That is just the beginning of what so many young dancers sacrifice for their art. Most young dancers are forced into homeschooling, some because of the intense hours they spend in the dance studio each day and some because of the bullying they experience at their traditional school and other. Because for boys, ballet is not normal: the stereotypical dancer is a girl, or an effeminate gay man. And while many believe that as a society, we are making strides to be more understanding and inclusive of those who defy gender norms, the reality for young dancers suggests we aren’t striding fast enough.
This problem goes beyond ballet: we encourage perceived strength over all kinds of artistry and often force boys to play organized sports while diminishing the role of the arts in schools. As a society, we are failing not just ballet danseurs, but boys who want to be violinists or actors or sculptors.
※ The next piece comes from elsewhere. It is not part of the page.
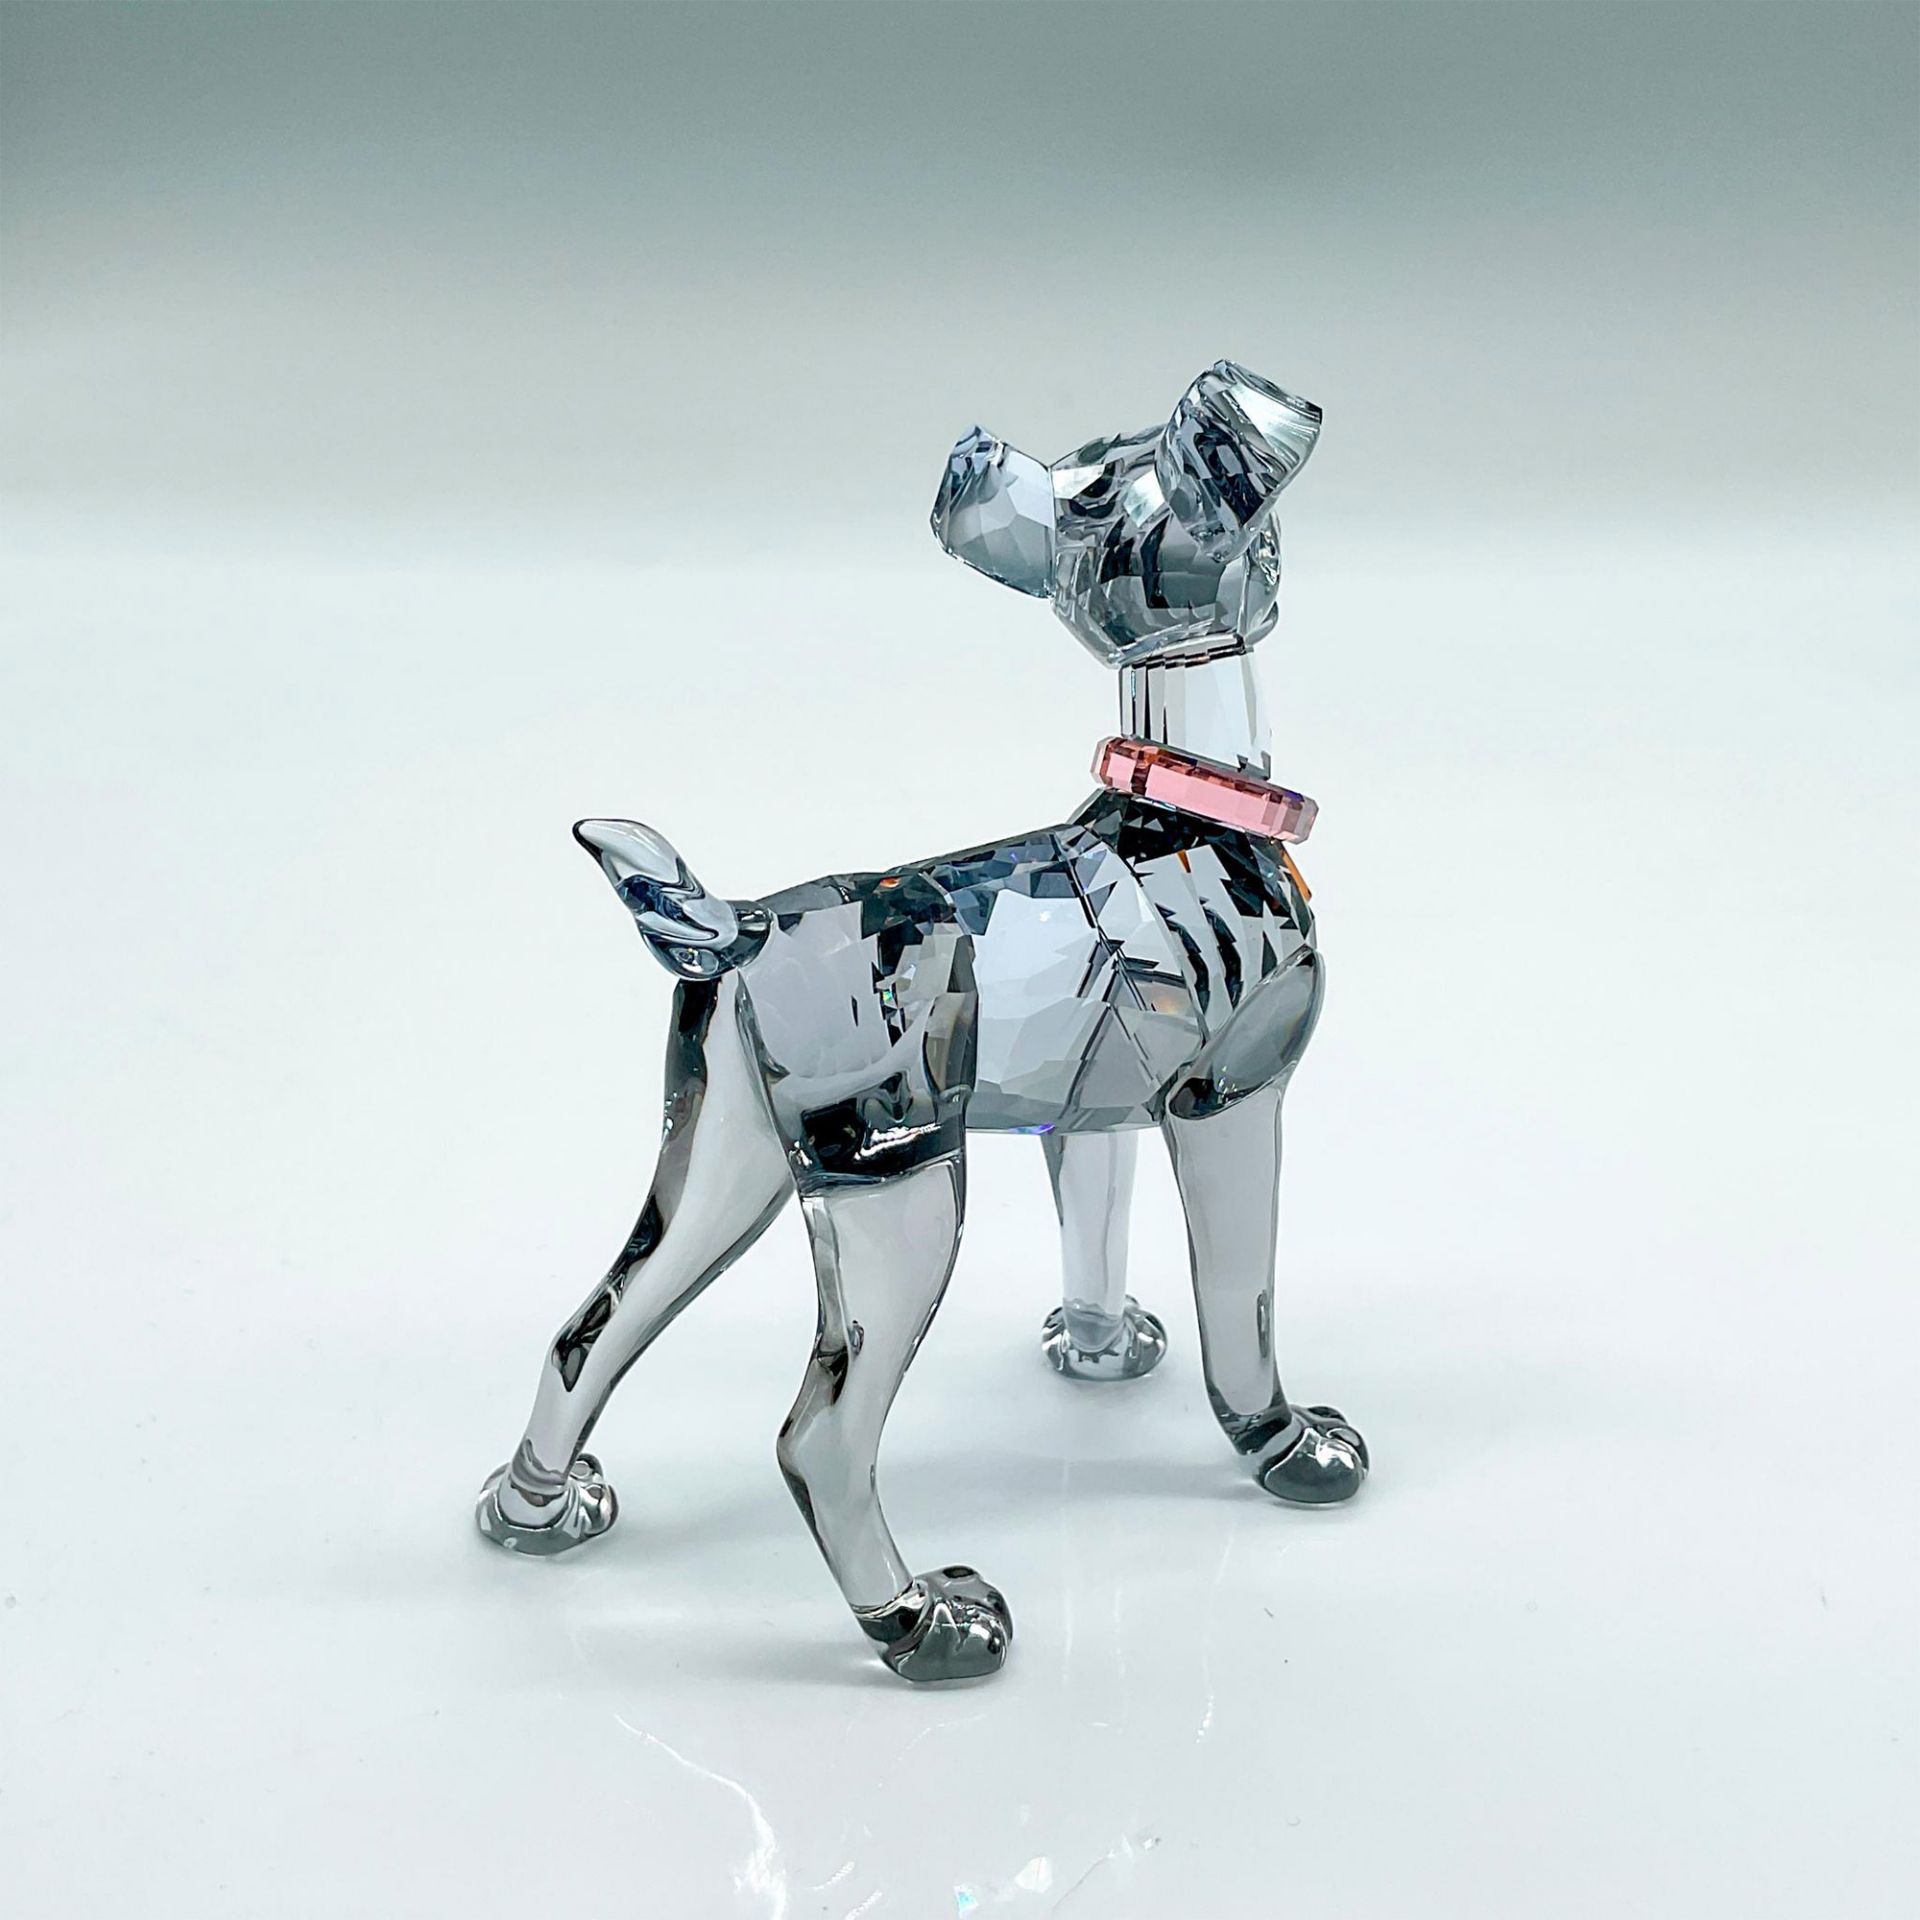 Swarovski Crystal Figurine, Tramp from Lady and the Tramp - Image 2 of 4

Many of the boys and men I interviewed accepted the bullying and abuse, giving those who torment them the benefit of the doubt. They chalked it up to ignorance or to cultural background. Some almost blamed themselves for the bullying they endured. Peter Weil, who dances with Pennsylvania Ballet, told me, “It’s not normal to be a boy and dance ballet, with all the women and the tights.” Perhaps it was just easier for them to accept the social standard and agree that it’s just not normal for boys to dance ballet.
In order for any of the boys I interviewed to be successful in their pursuit of ballet, they needed a very strong sense of self. It was their defense mechanism: they, unlike the vast majority of boys, simply did not care if they did not fit in. They were going to be who they were, no matter what their peers — or their parents — thought of them.
True happiness, we’re so often told, comes from doing what you love. That’s the advice we get from buttons, T-shirts, memes and the self-help industry. But in my son’s case, that advice should come with a big disclaimer: doing what you love may cause you to be a social outcast, called a “faggot,” physically assaulted by your peers or generally ostracized by family and friends.
The boys who choose ballet really know what they love and want to do for the rest of their lives, and they have to fight to get it. It is inspiring to witness. We should all be so lucky.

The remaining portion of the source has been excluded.